Pięć lat temu Jarosław Kaczyński ocenił, że Bronisław Komorowski został wybrany na prezydenta „przez nieporozumienie". Chodziło mu o to, iż wyborcy nie mieli wystarczającej wiedzy o zwycięskim kandydacie. Pewnie to prawda, że o ówczesnym wyniku bardziej zadecydowały posmoleńskie okoliczności niż sama osobowość kandydata. Słowa prezesa PiS przeszły do historii politycznej jako bon mot o „przypadkowym prezydencie".
Zakapiory z PiS
Tym razem wygrał protegowany prezesa Kaczyńskiego w osobie młodego Andrzeja Dudy. Miał on w tej kampanii wyborczej dwa podstawowe zadania: być z PiS oraz być miłym. Będąc z PiS, zdobywał w pierwszej turze wyborów mniej więcej te same 5 milionów głosów, co prezes tej partii pięć lat wcześniej. Będąc miłym, miał zdobywać kolejne miliony, odróżniając się od zakapiorów z PiS. I nie w tym rzecz, czy formacja ta jest pełna zakapiorów, ale w tym, że tak to często odbiera opinia publiczna pod wpływem znaczących mediów.

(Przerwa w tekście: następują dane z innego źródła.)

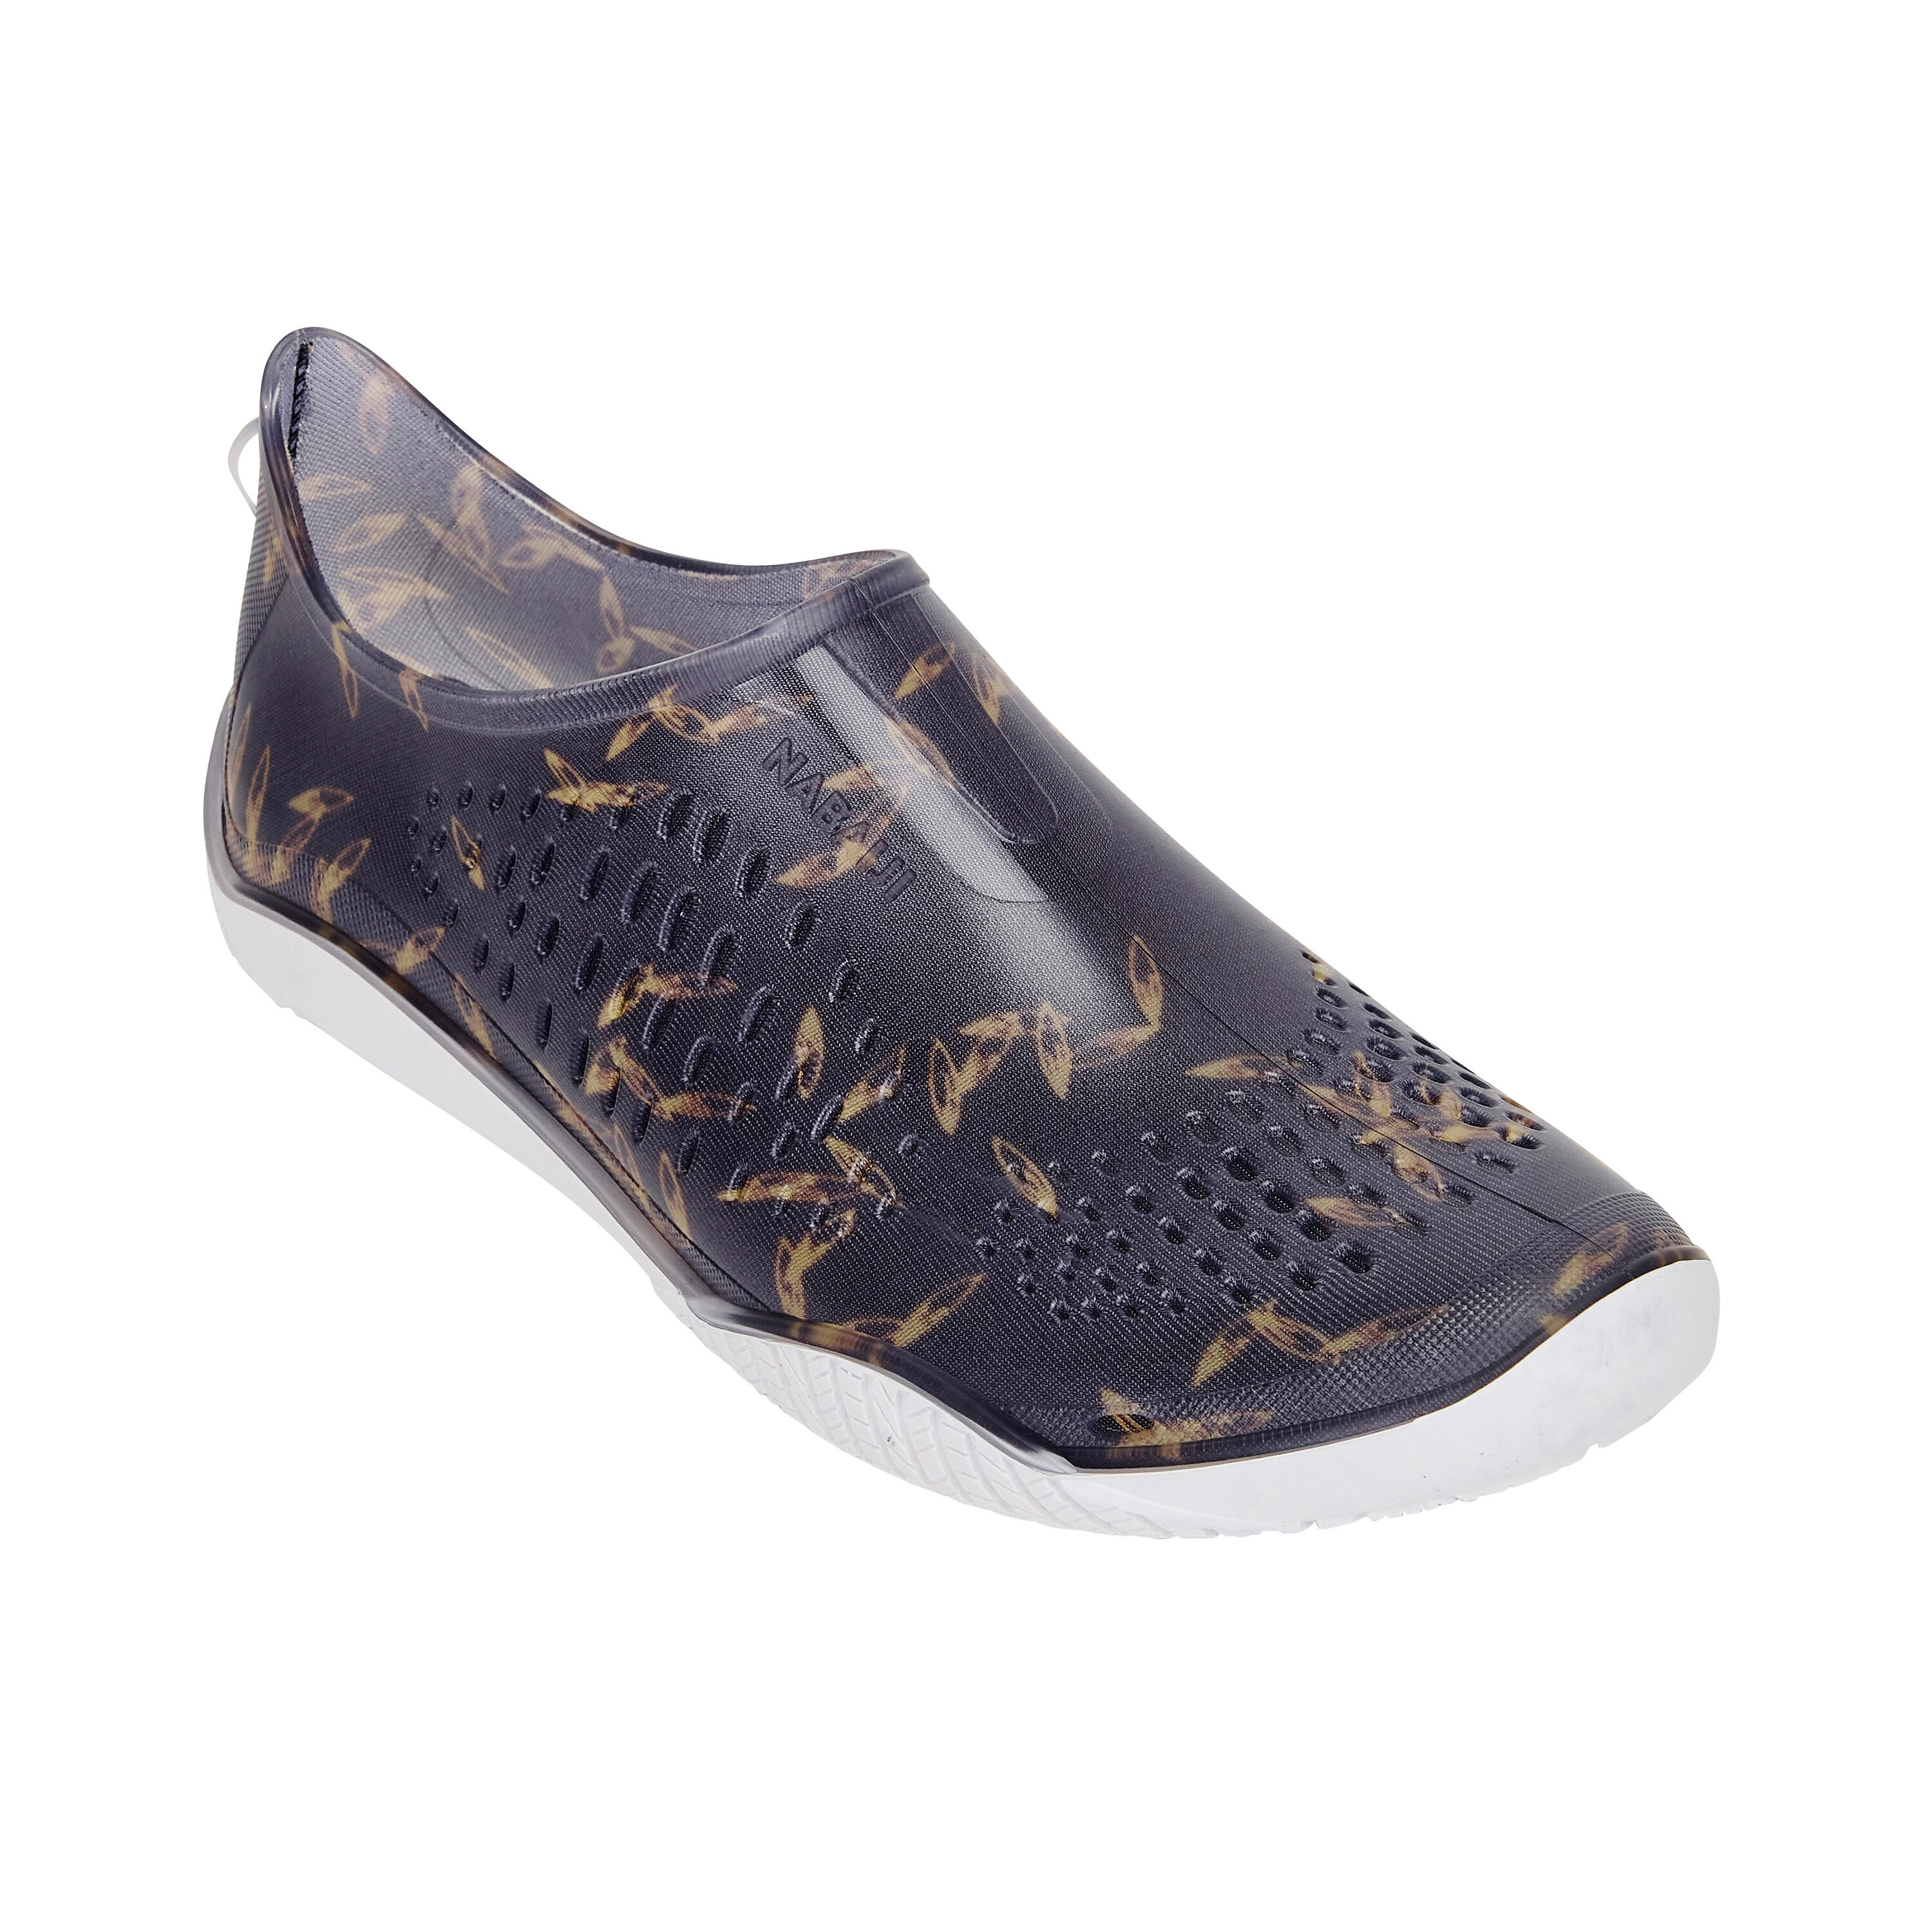 Aquabiking/Aquagym Shoes Fitshoe shoes dif dark blue 2/8

Gorący zwolennicy prawicy zapewne uważają, że wynik wyborów był nieuchronnym wyrokiem losu, dającym zwycięstwo dobra nad złem. Historia jednak poucza, że nie ma takiej prawidłowości. Wyniki mogły być zupełnie różne i całkiem inne od faktycznych. Faworytem był urzędujący prezydent i jego porażka jest sensacją.
Co się więc stało? Oczywiście w sensie formalnym wybory wygrał Andrzej Duda, ale w sensie politycznym – przegrał je Bronisław Komorowski. Kampania tego drugiego powinna się stać modelowym przykładem przegrywania wyborów przez faworyta niejako na własne życzenie. Będą tacy, którzy pozostaną przy mniemaniu, że wszystkie przedwyborcze sondaże były fałszowane, a prezydent nigdy nie miał szans na zdobycie większości głosów wyborczych. Prawdopodobnie było jednak inaczej: prezydent miał mocną pozycję społeczną, a ówczesny pretendent był znany bardziej znawcom polityki niż wielomilionowej opinii publicznej.
Błędy Tuska i Kopacz
Bronisław Komorowski powinien był te wybory wygrać. Kto jak kto, ale działacz przedsierpniowej opozycji, najdłużej zasiadający w Sejmie poseł III RP, minister kilku rządów i marszałek Sejmu, wreszcie urzędujący prezydent miał olbrzymie szanse na zwycięstwo. Popierał go potężny establishment urzędowy, biznesowy i medialny. Chętnie się z nim pokazywali celebryci. Historyczni liderzy lewicy, jeden po drugim, deklarowali poparcie dla niego. Z kolei ludowcy – koalicjanci partii, której był on kandydatem, zapewniali mu głosy Polski powiatowej. I nic!